**WHAT IS NEEDED:** Copy, word for word, the opening line of the data and each line after it until the line that contains "Women's Brown Buttoned Knitwear Cardigan", which is included. Leave the pictures out.

**RECORDED DATA:**
________________________

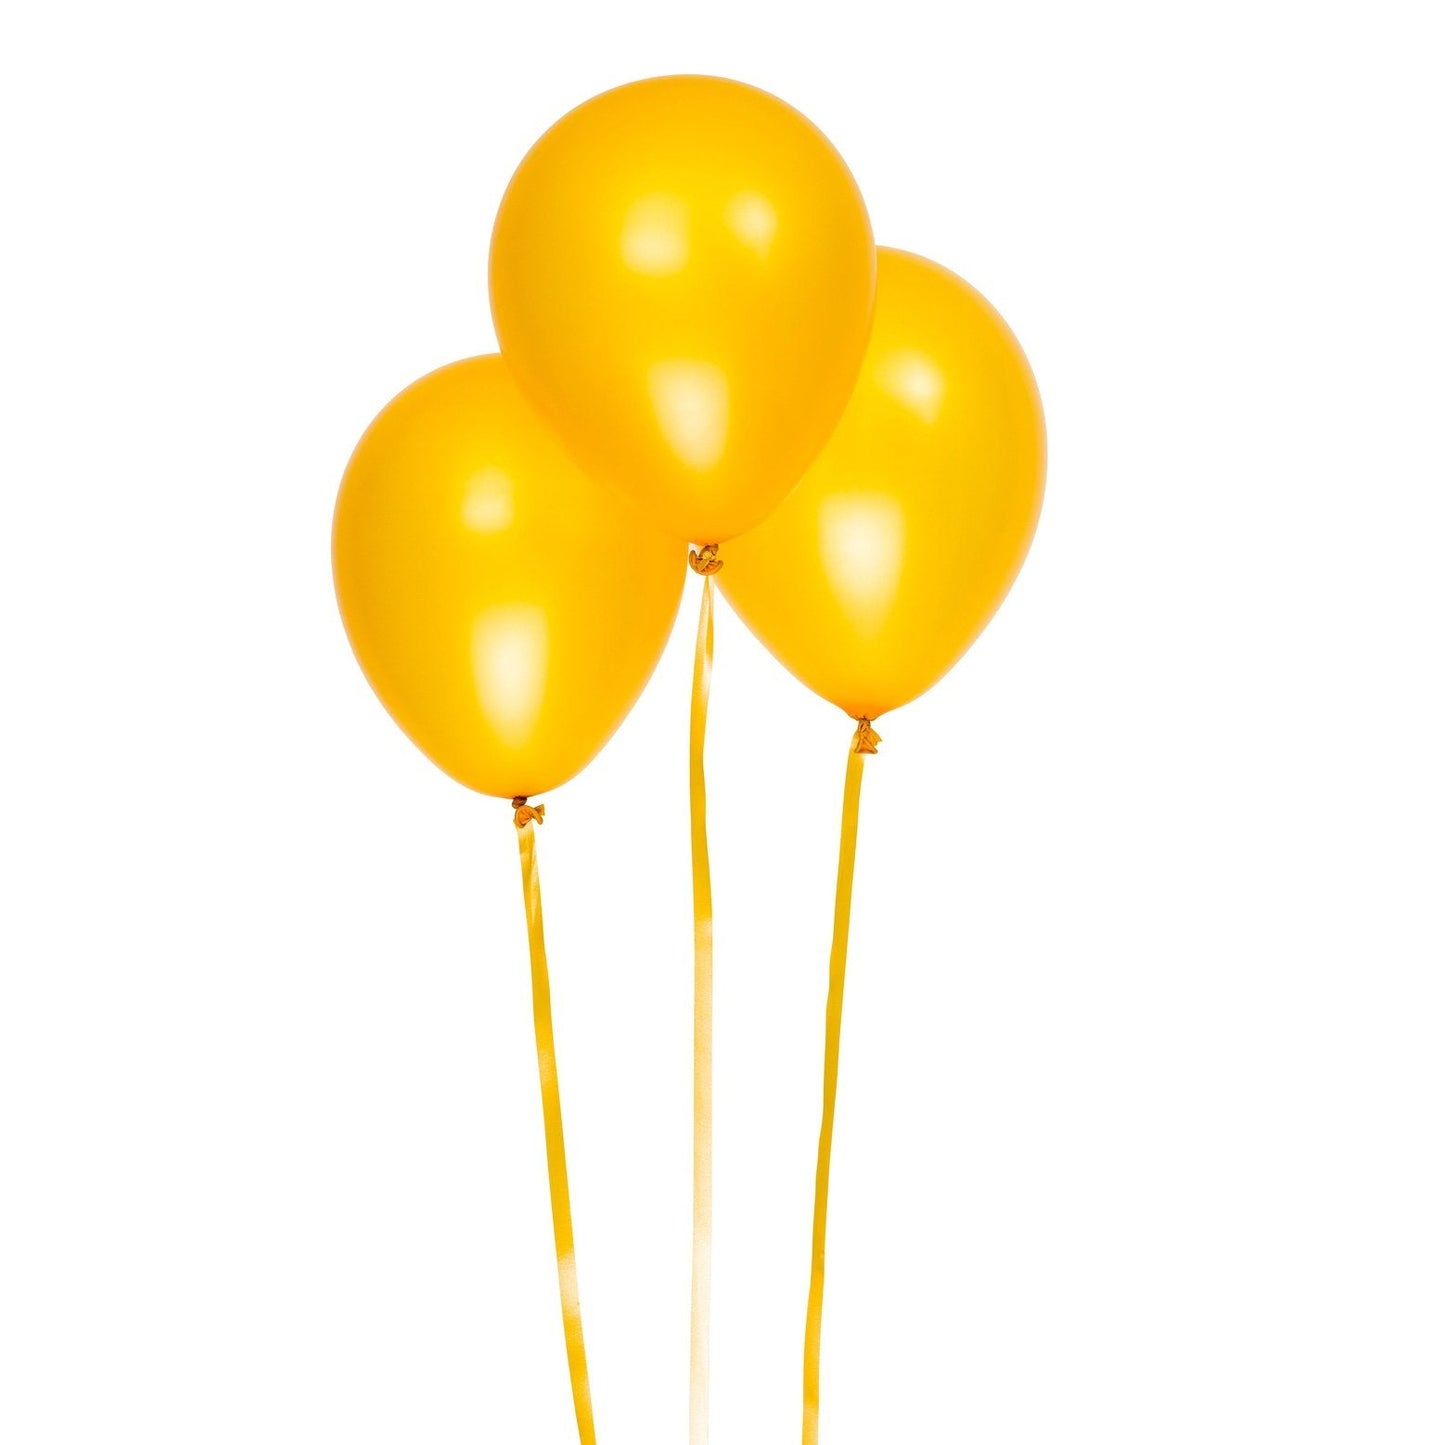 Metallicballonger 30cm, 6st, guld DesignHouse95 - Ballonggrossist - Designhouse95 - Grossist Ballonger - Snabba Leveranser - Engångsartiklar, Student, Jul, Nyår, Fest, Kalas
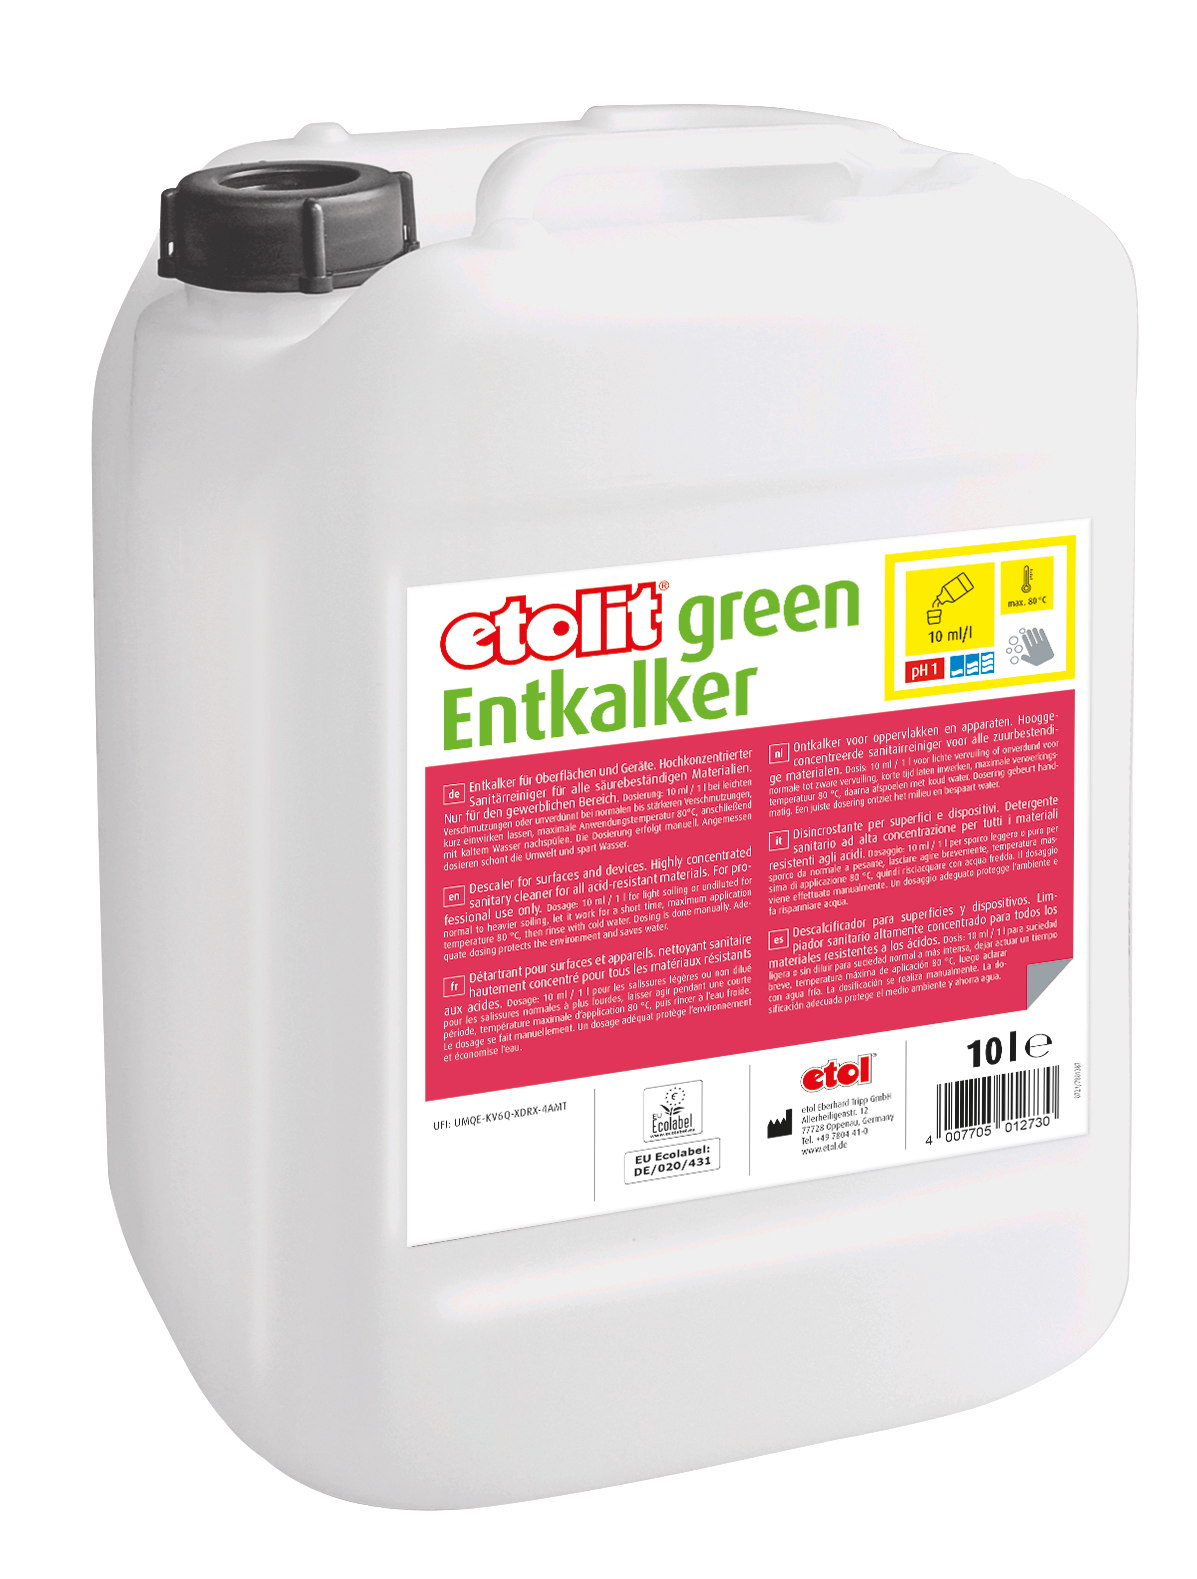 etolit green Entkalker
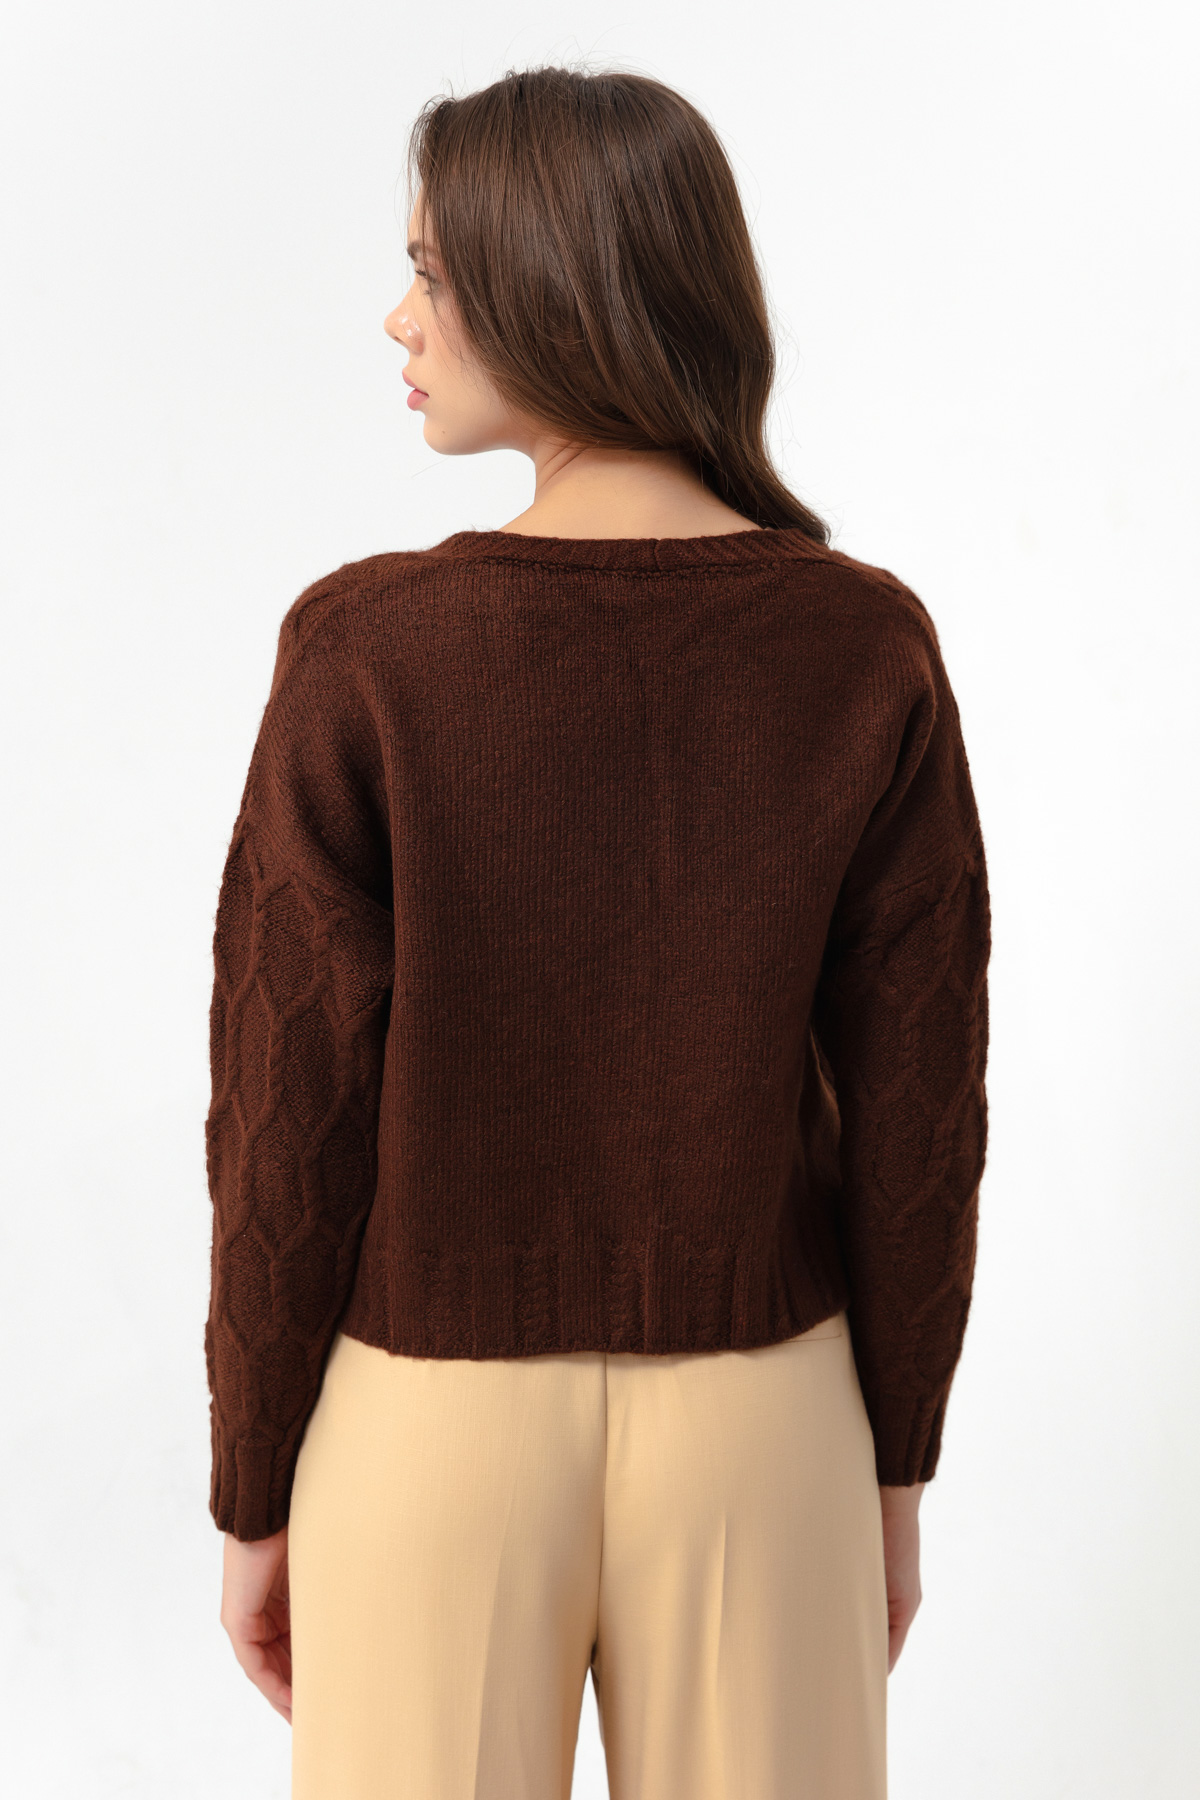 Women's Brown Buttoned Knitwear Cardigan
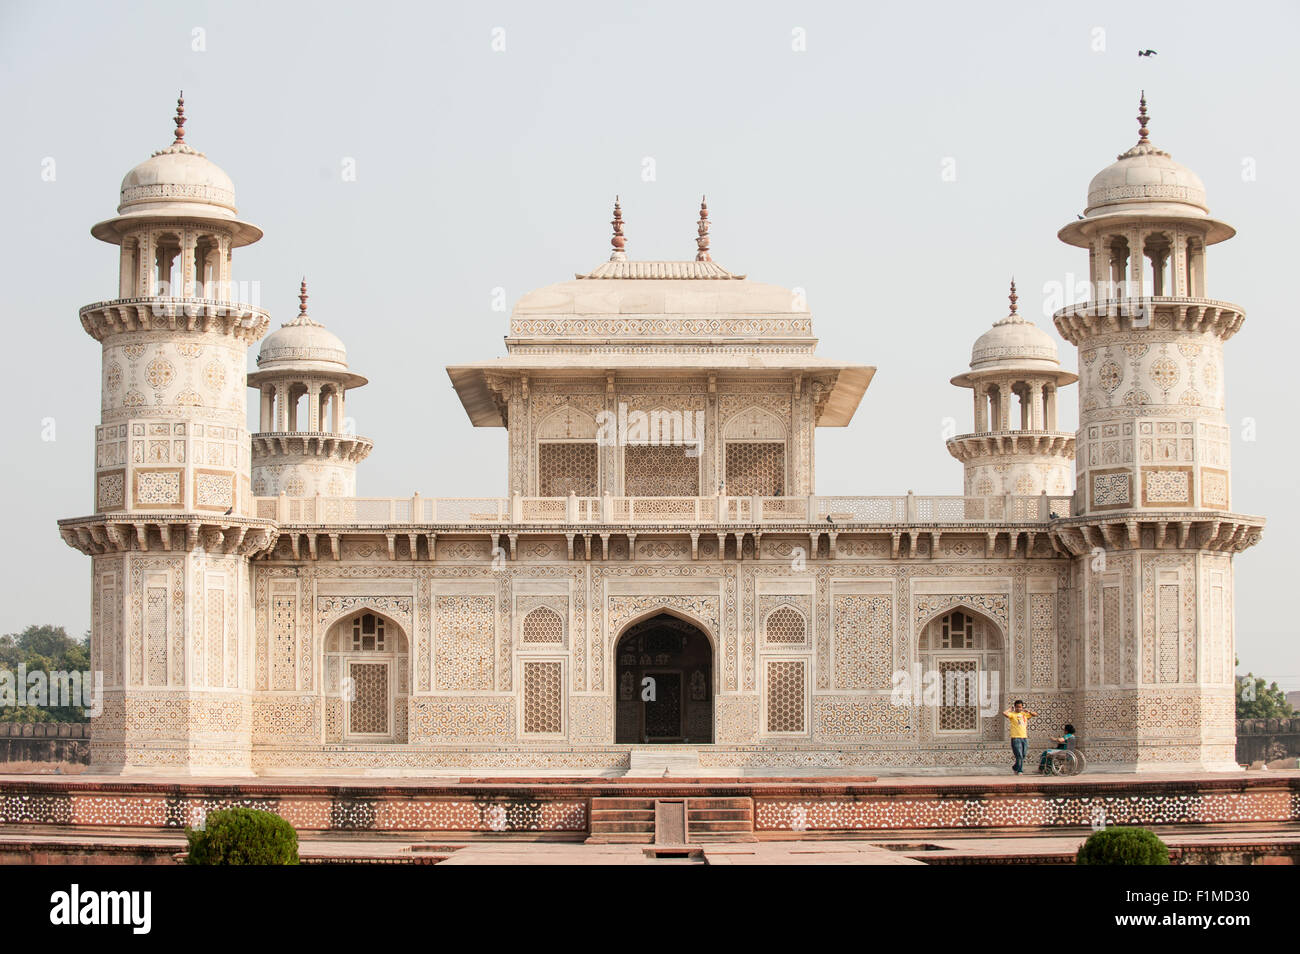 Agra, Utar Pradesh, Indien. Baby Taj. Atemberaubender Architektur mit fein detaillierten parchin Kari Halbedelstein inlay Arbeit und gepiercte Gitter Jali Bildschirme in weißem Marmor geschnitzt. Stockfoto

________________________

**WRITTEN RESPONSE:**
 Metallicballonger 30cm, 6st, guld DesignHouse95 - Ballonggrossist - Designhouse95 - Grossist Ballonger - Snabba Leveranser - Engångsartiklar, Student, Jul, Nyår, Fest, Kalas
 etolit green Entkalker
 Women's Brown Buttoned Knitwear Cardigan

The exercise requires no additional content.